■ **EXERCISE REQUIREMENTS**: Word for word, copy the data that follows and skip its pictures.

■ **COLLECTED MATERIAL**:
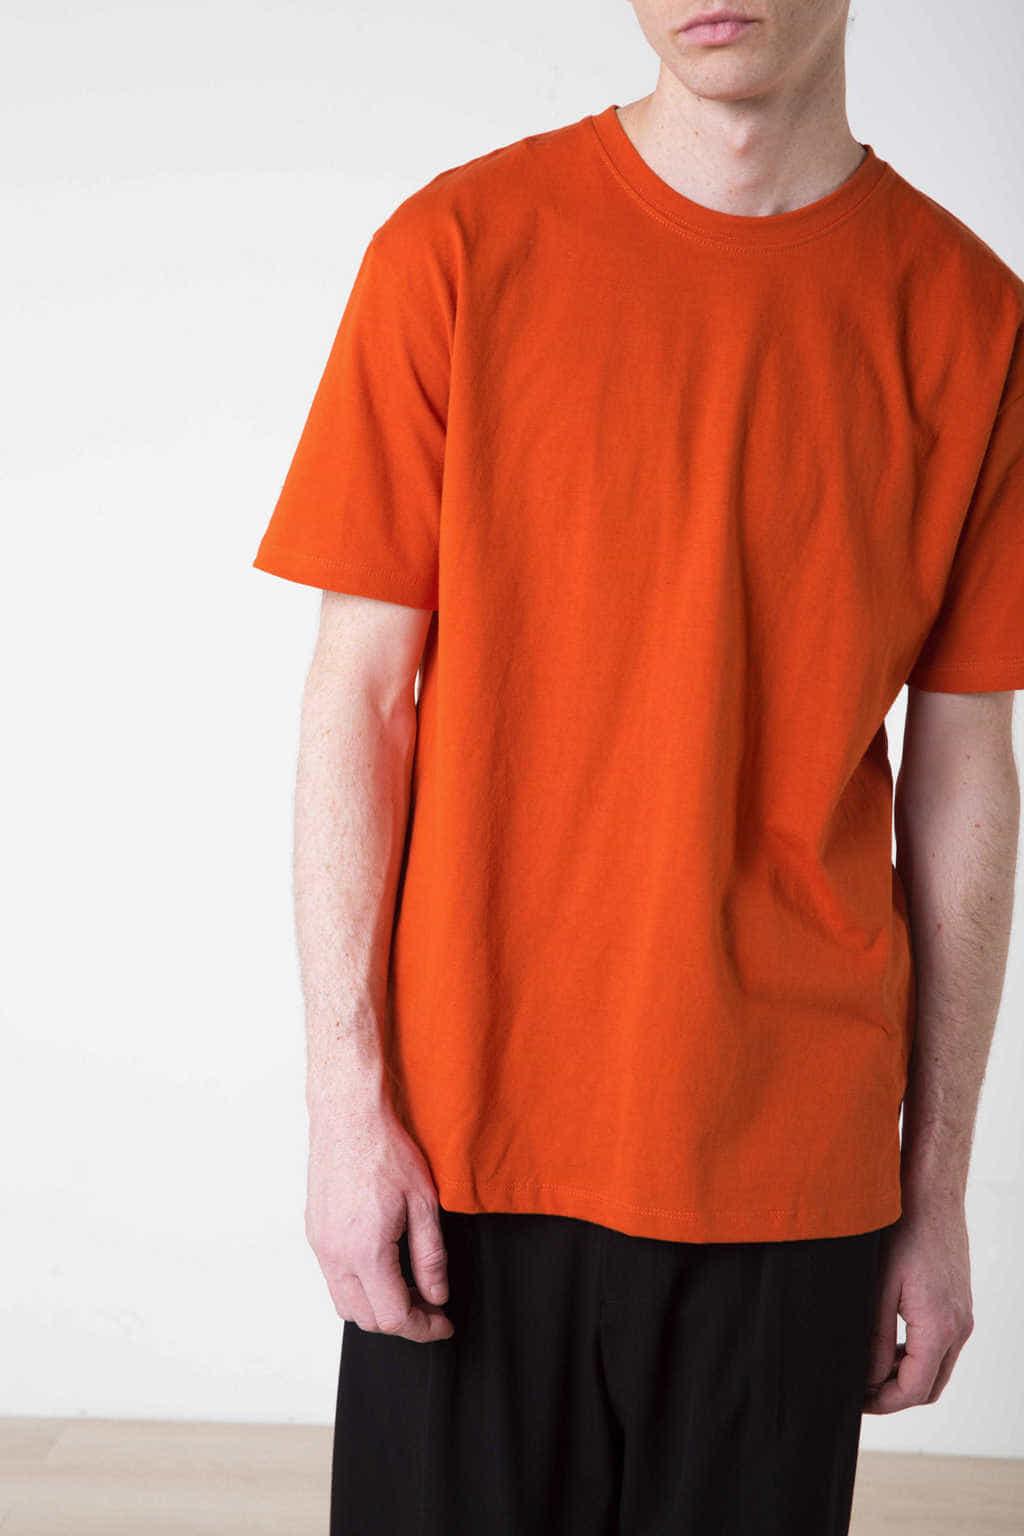 TShirt H134 Orange 2
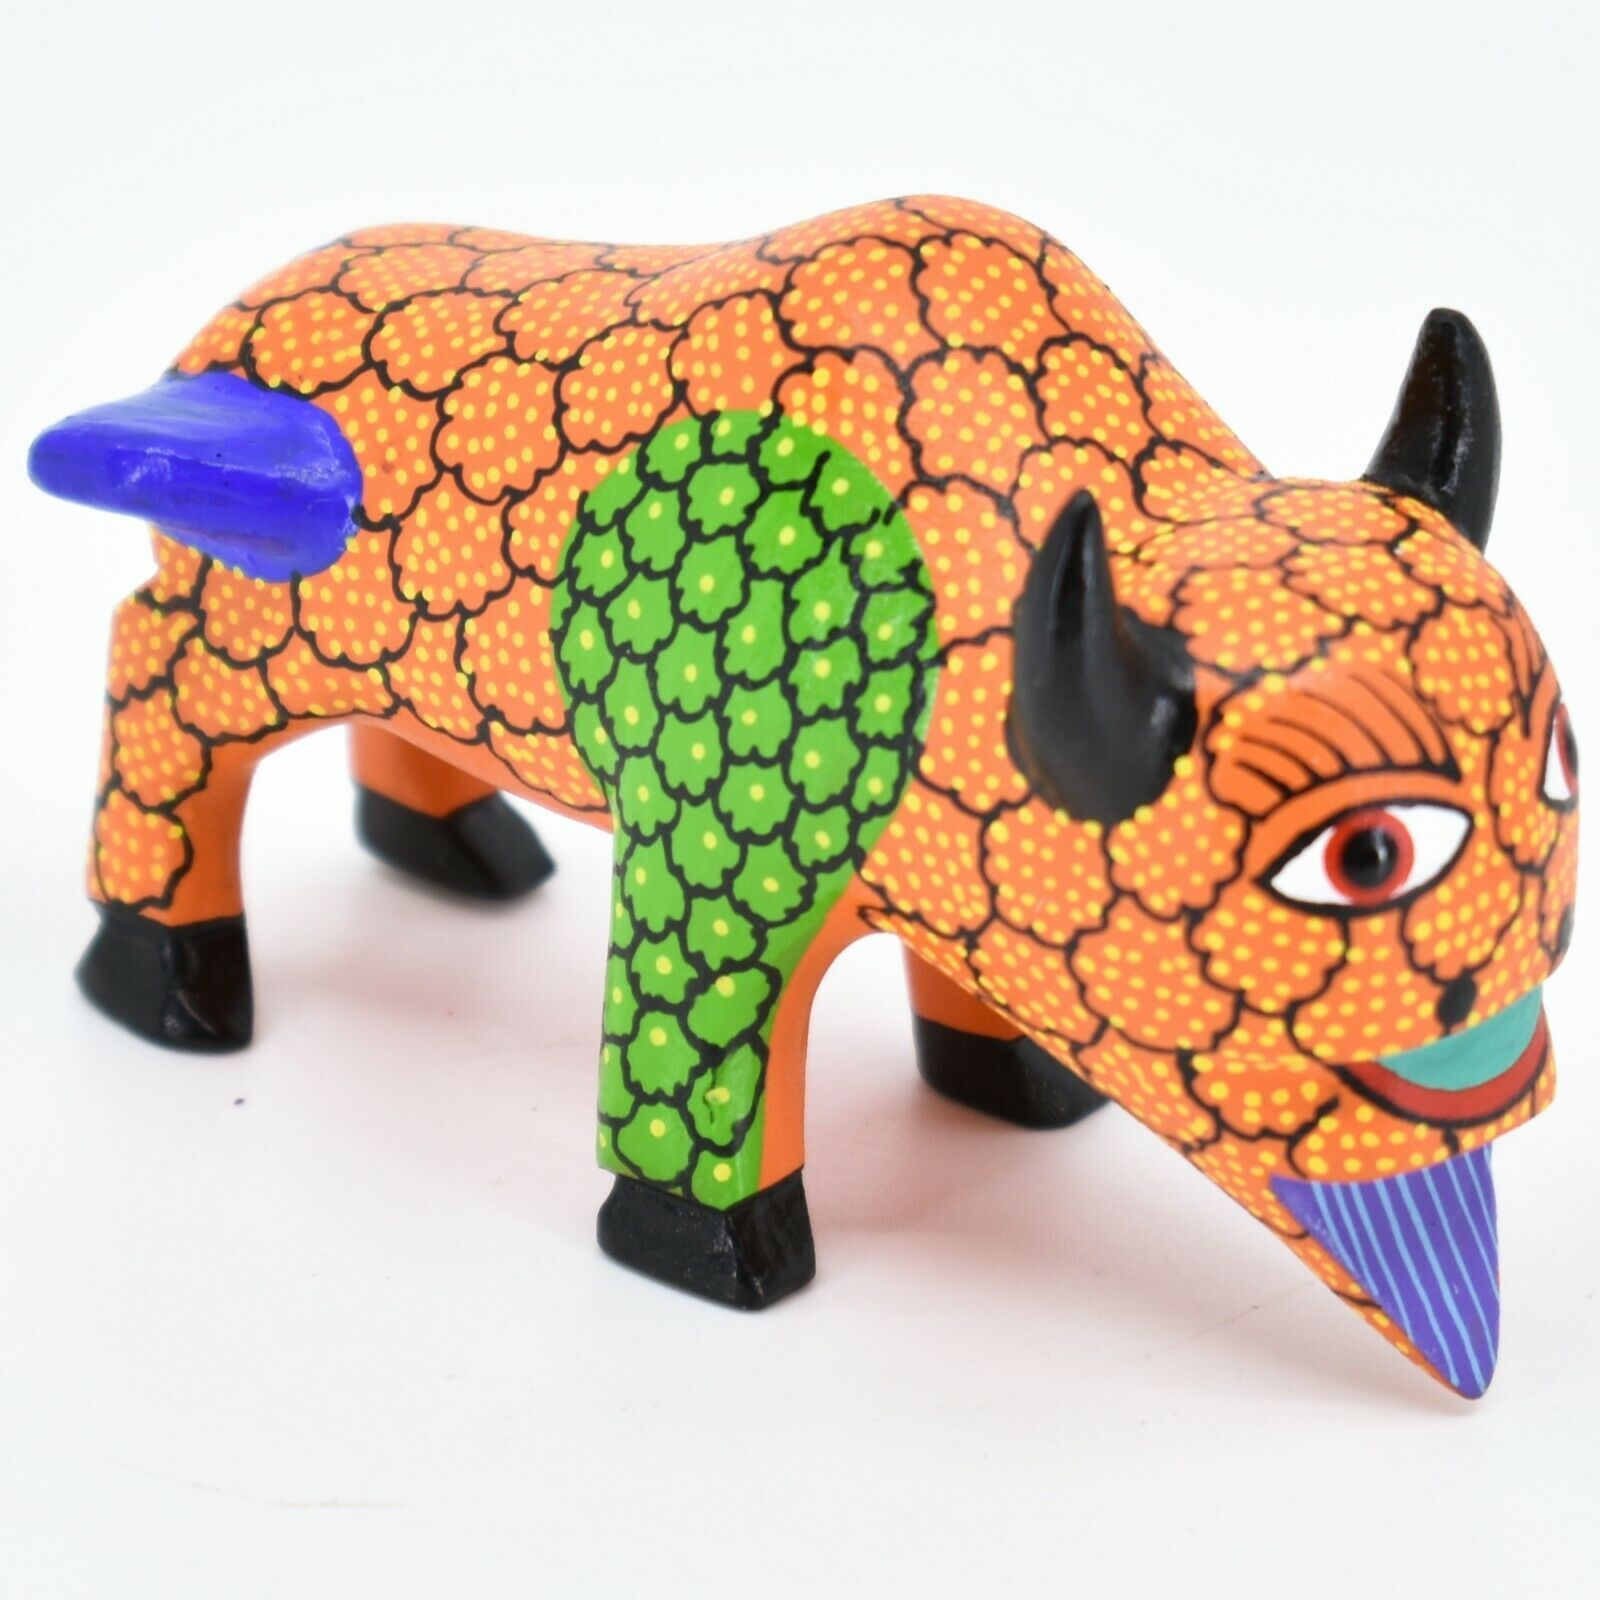 Handmade Alebrijes Oaxacan Wood Carved Painted Folk Art Buffalo Figurine
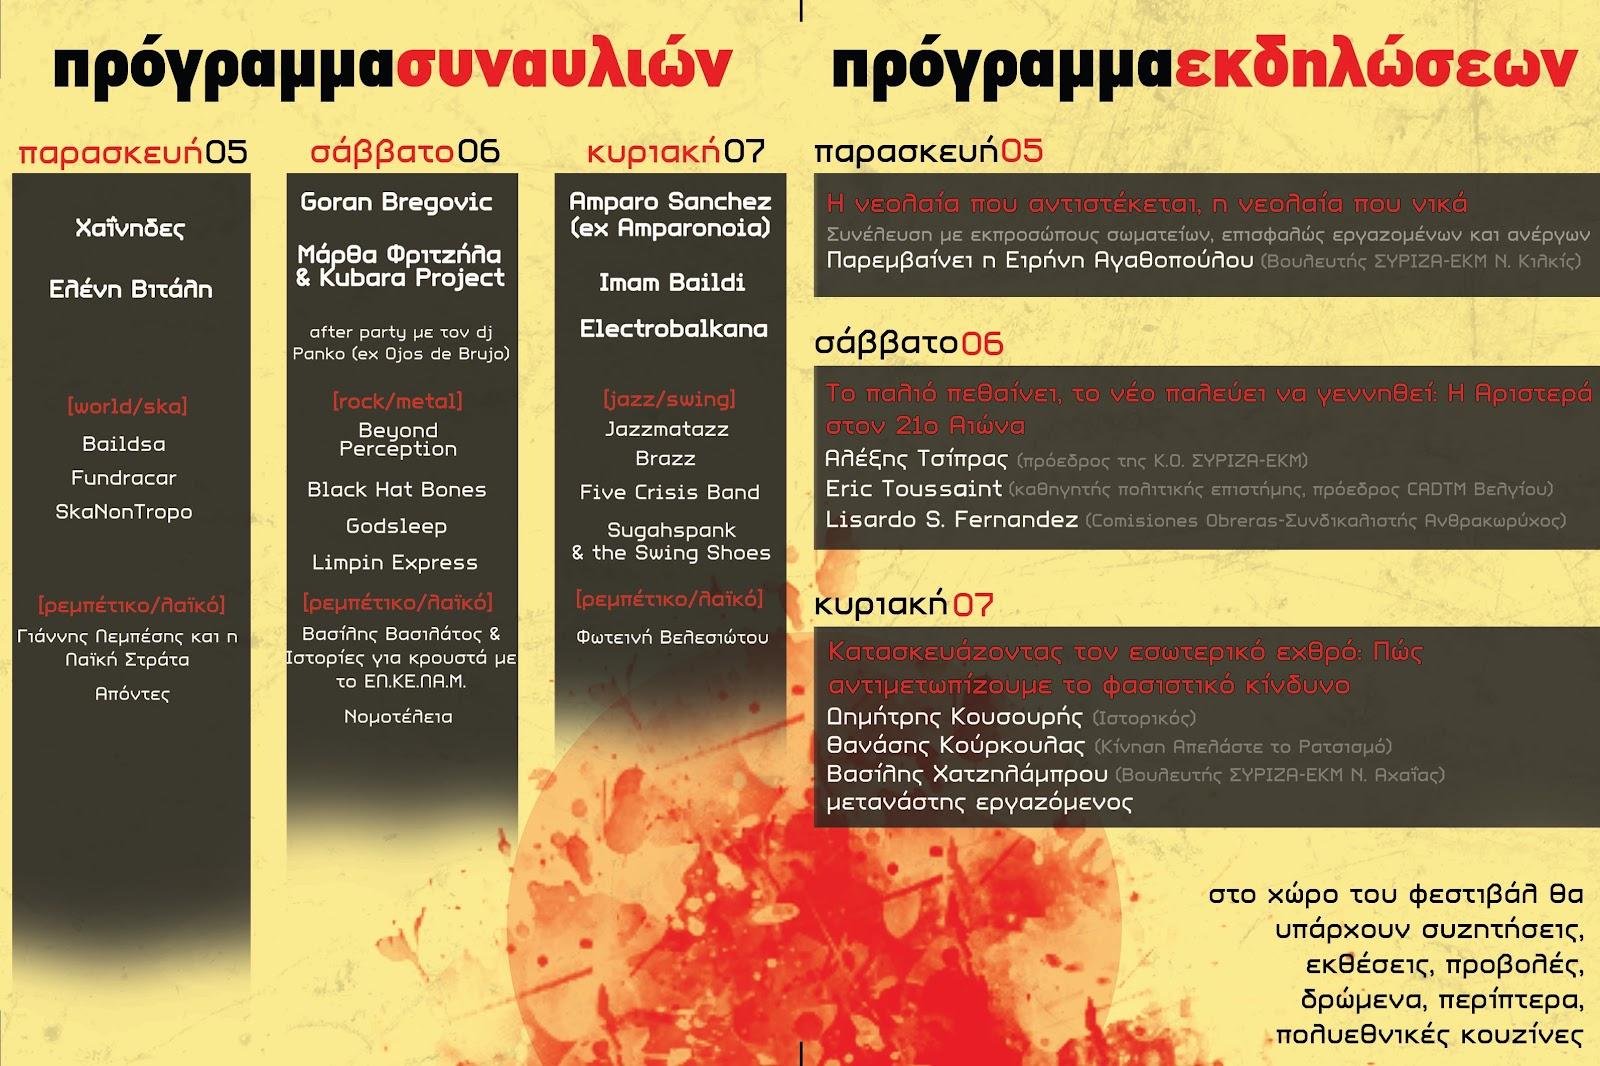 Jazz/Swing σκηνή στο Φεστιβάλ Νέων Σύριζα flyer

■ **WRITTEN SOLUTION**:
 TShirt H134 Orange 2
 Handmade Alebrijes Oaxacan Wood Carved Painted Folk Art Buffalo Figurine
 Jazz/Swing σκηνή στο Φεστιβάλ Νέων Σύριζα flyer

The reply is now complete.